Я прошелся по Курфюрстендаму и по улице Тауенциен, заглядывая в универмаги, в обувные и строительные магазины, в магазины готовой одежды и электротоваров, в продуктовые супермаркеты и наблюдая, как люди делают покупки. Это действительно Запад? Неужели его истинное лицо так отчетливо проступает в лицах людей, которые не привыкали к Западу постепенно, а вынуждены были измениться в одночасье? Его алчное лицо? Однако потом я заметил, как молодая пара нежно и трепетно разглядывает разложенные на прилавке бюстгальтеры, трусики и маечки, ощупывает их, а затем, счастливая, уносит с собой выбранную покупку, и посчитал, что мой пессимистический взгляд на засилье коммерции и потребительства отдает чистой фанаберией. На Виттенбергплац торговец продавал бананы с лотка и едва успевал вскрывать коробки, разламывать на части большие гроздья плодов, взвешивать, передавать покупателю, отсчитывать сдачу и принимать деньги. Продавать мне один банан он не пожелал, он продавал их по десятку. Один из покупателей, восточный берлинец, взял и подарил мне банан.
И во второй день моего пребывания в Восточном Берлине я долгие часы бродил по городу, только теперь не в центре, а в окраинных жилых кварталах. Асфальт был весь в выбоинах, пешеходные дорожки выложены большими каменными плитами и камнями меньшего размера, постоянно подновляемыми с помощью каменной крошки или гудрона, заборы из серых старых досок, фасады с облупившейся штукатуркой, обнажившей кирпичную кладку, — поначалу я сам удивлялся тому, что от этого явного упадка на меня повеяло уютом, потом догадался, что брожу по улицам своего прошлого, по улицам родного города, каким тот был в конце сороковых и в начале пятидесятых, по улицам своего детства. Я попытался сделать то, что когда-то делал ребенком, и мне это удалось: я рукой проломил одну из серых трухлявых штакетин.

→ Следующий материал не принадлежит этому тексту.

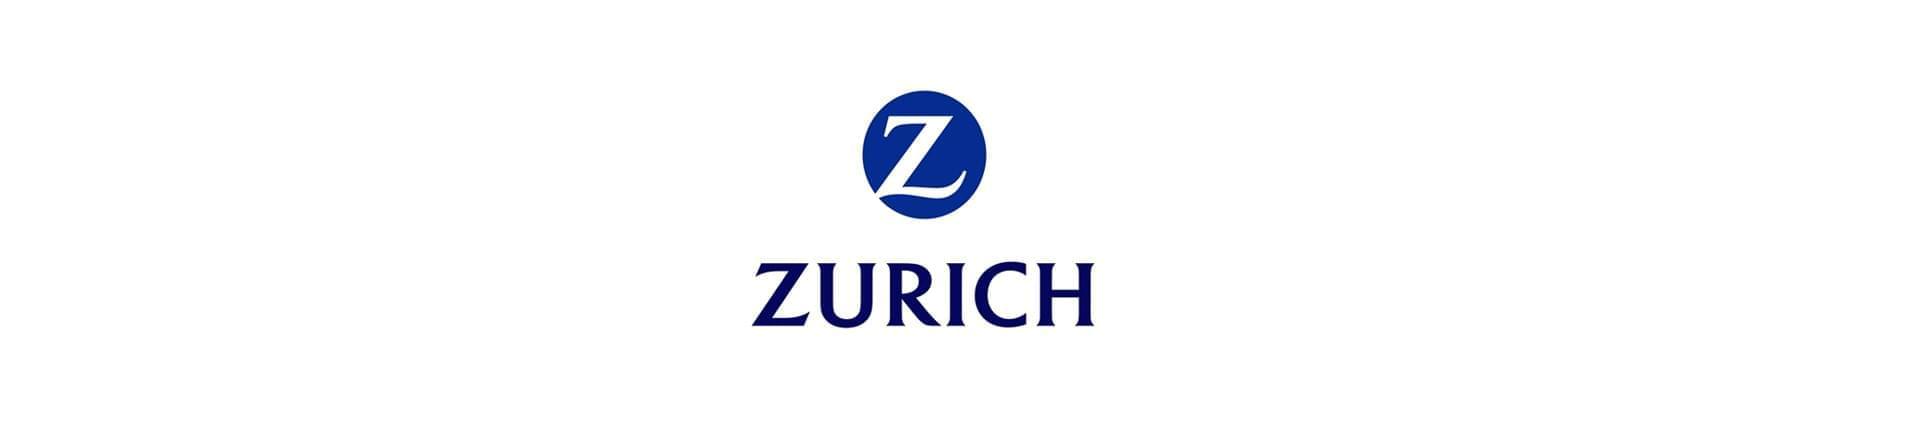 Zurich Logo - Jobs & Careers at Zurich Insurance | Vercida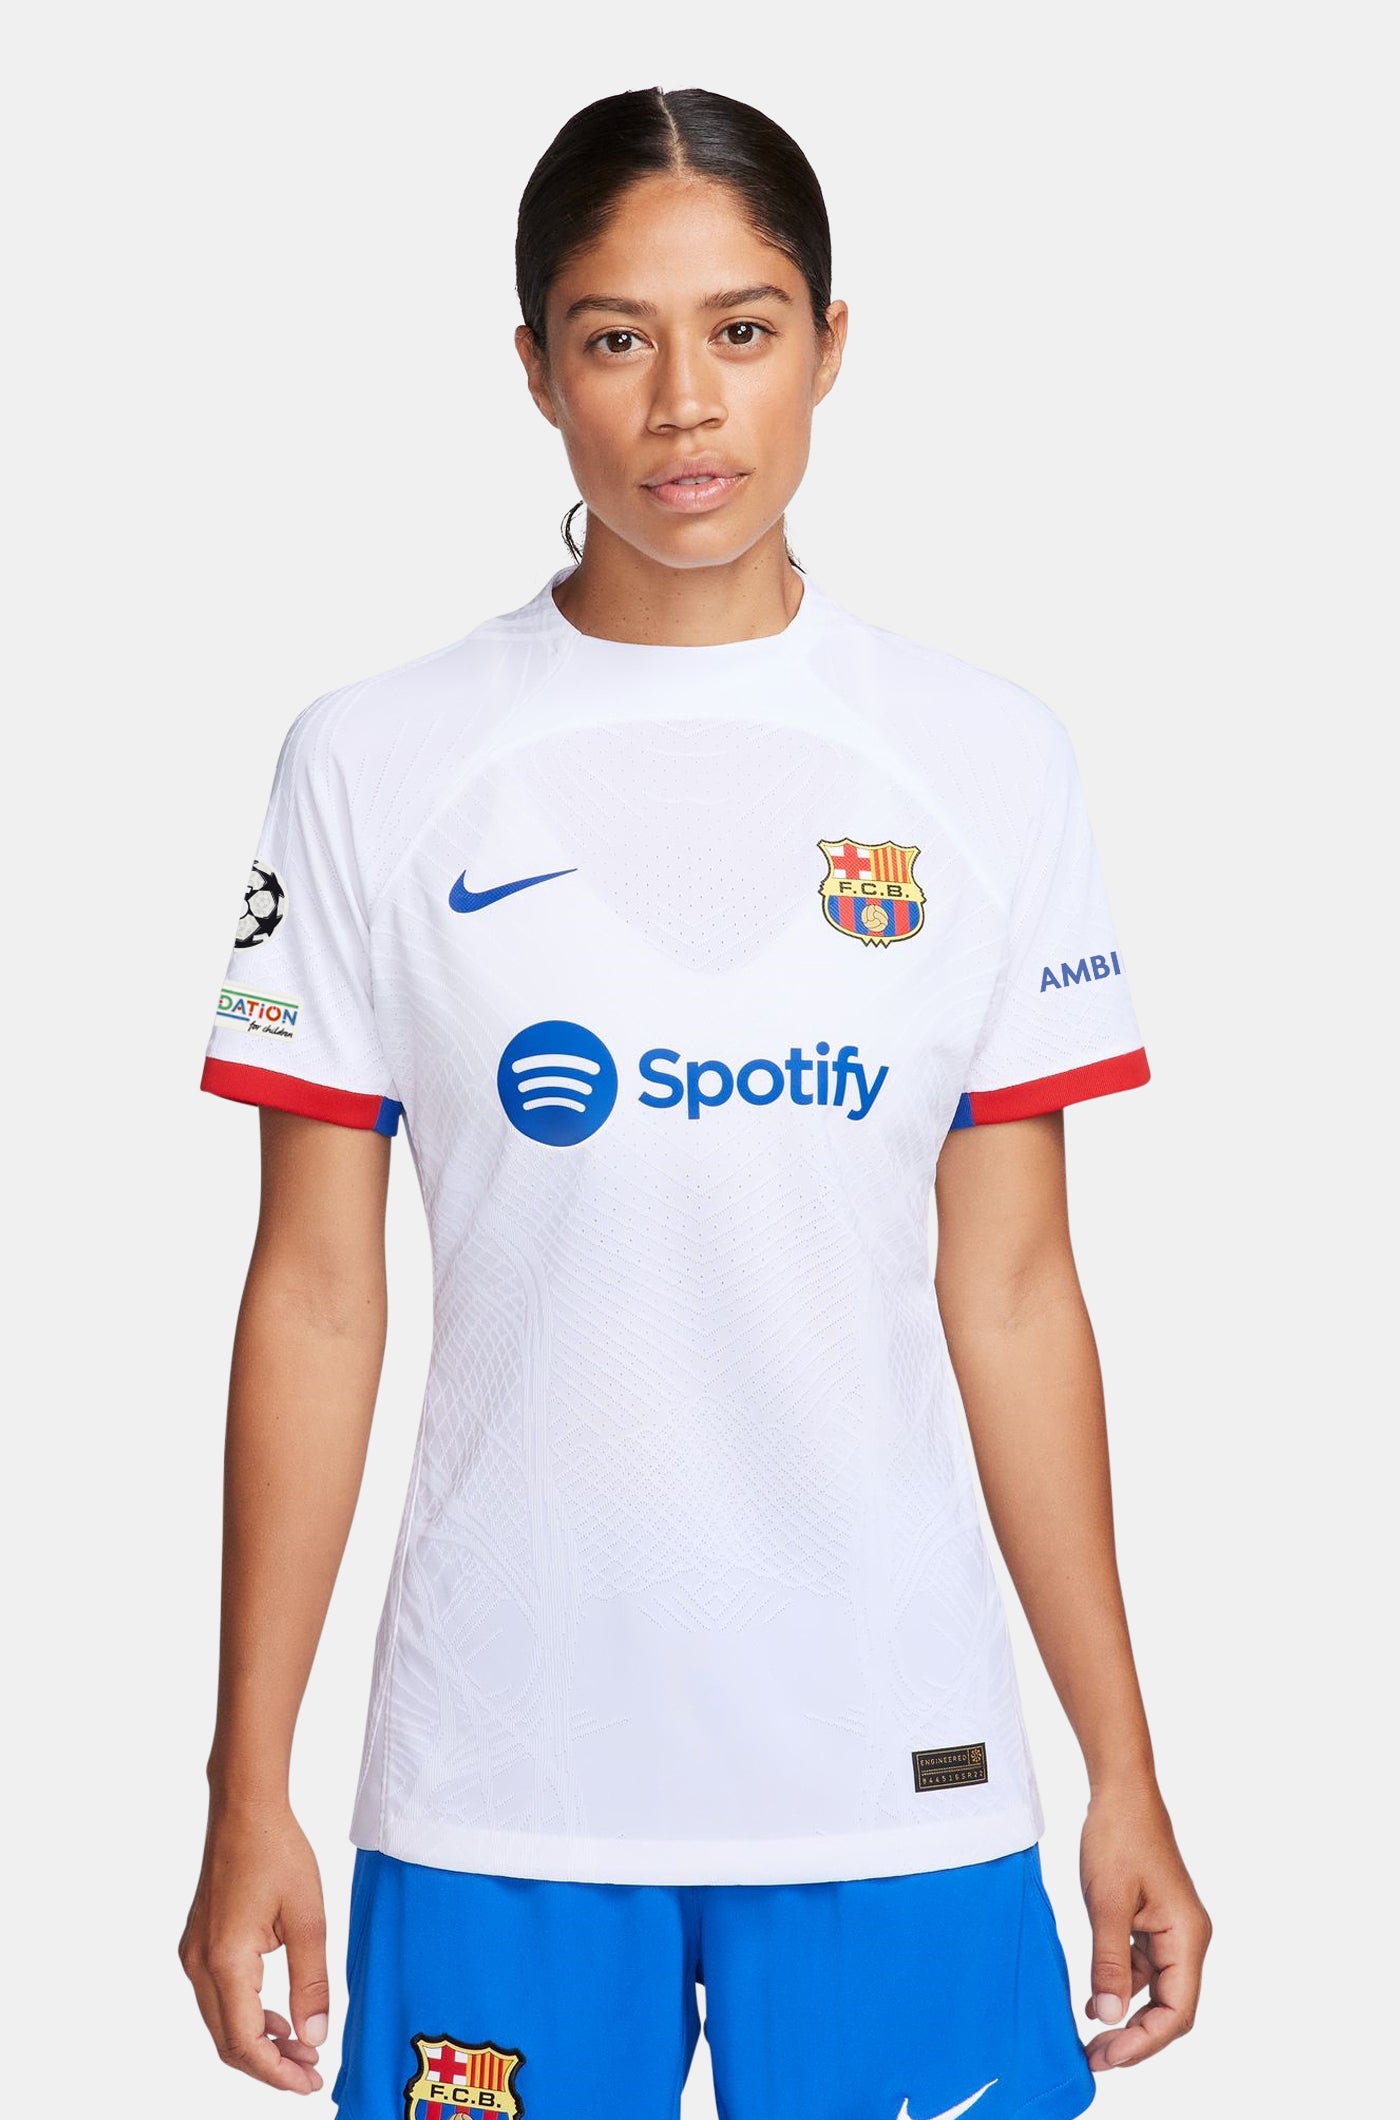 UCL FC Barcelona Away Shirt 23/24 Player’s Edition - Women  - FERMÍN

Стемнело. Как и вчера, над городом низко висели тяжелые тучи, а с наступлением темноты небо и вовсе придавило дома, парки, площади и улицы. Я завистливо всматривался в освещенные окна, манящие призрачным обещанием уюта и покоя. Даже тогда, когда я сидел в вагоне метро и рассматривал людей, возвращавшихся домой, меня вновь охватила тоска, хотя тому, что у каждого из них есть свой дом, своя семья, свой вечер, я вовсе не завидовал.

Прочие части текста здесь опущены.